]
Sebastian Łaskawiec closed ISPN-6322.
-------------------------------------
Infinispan can miss incoming commands with JGroupsChannelLookup
---------------------------------------------------------------
Key: ISPN-6322
URL:
https://issues.jboss.org/browse/ISPN-6322
Project: Infinispan
Issue Type: Bug
Components: Core
Affects Versions: 8.2.0.CR1, 8.1.2.Final
Reporter: Dan Berindei
Assignee: Dan Berindei
Fix For: 8.2.1.Final, 9.0.0.Alpha1, 9.0.0.Final
Normally, the JGroupsTransport startup sequence goes like this:
# Create the {{Channel}}
# Create the {{CommandAwareRpcDispatcher}} and install it as an {{UpHandler}}
# Connect the channel
This way, every {{RequestCorrelator}} message received by the channel is passed up to
{{CommandAwareRpcDispatcher}}, which executes the appropriate command.
When using a {{JGroupsChannelLookup}}, the lookup implementation is allowed to return a
{{Channel}} instance that is already connected ({{shouldConnect() == false}}). That means
there is now a window where the channel doesn't have an {{UpHandler}}, and messages
sent to this node are discarded.
Normally a node only receives commands after it sent a join request to the coordinator.
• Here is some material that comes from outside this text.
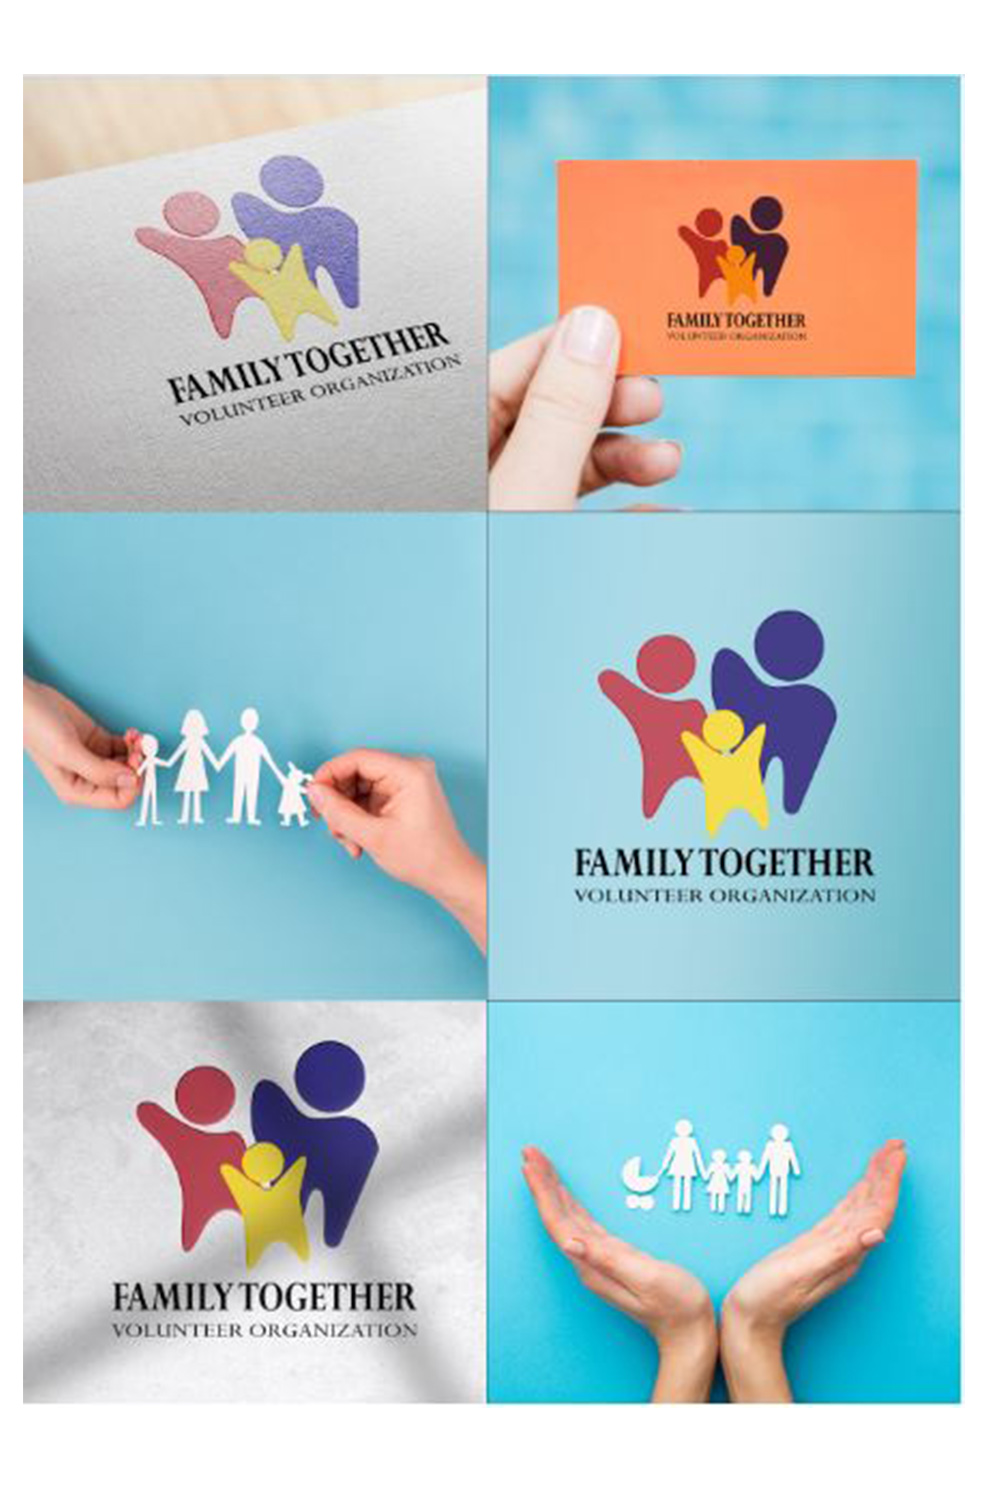 Person holding a family together logo.

There are however a few exceptions:
# On startup, {{LocalTopologyManagerImpl}} sends the join request to the JGroups
coordinator, which may not have the {{UpHandler}} yet. This seems to be responsible for
the recent hanging in {{ConcurrentStartTest}}. We have a workaround here, to use a smaller
timeout on the {{CacheTopologyControlCommand(JOIN)}} command, and retry it on
{{TimeoutException}}.
# When a node becomes coordinator, {{ClusterTopologyManagerImpl}} broadcasts a
{{GET_STATUS}} request to all cluster members, and expects a response from each of them.
The same workaround with a smaller timeout and retries might work here.
# In replicated mode, write commands are broadcasted to all cluster members. There is
some commented out code in {{RpcManagerImpl.invokeRemotelyAsync()}} that might fix it by
only waiting for responses from the cache topology members.
We should consider deprecating {{JGroupsChannelLookup.shouldConnect()}} and requiring
that the channel is only connected by {{JGroupsTransport}}. Assuming that works with
{{ForkChannel}}, of course.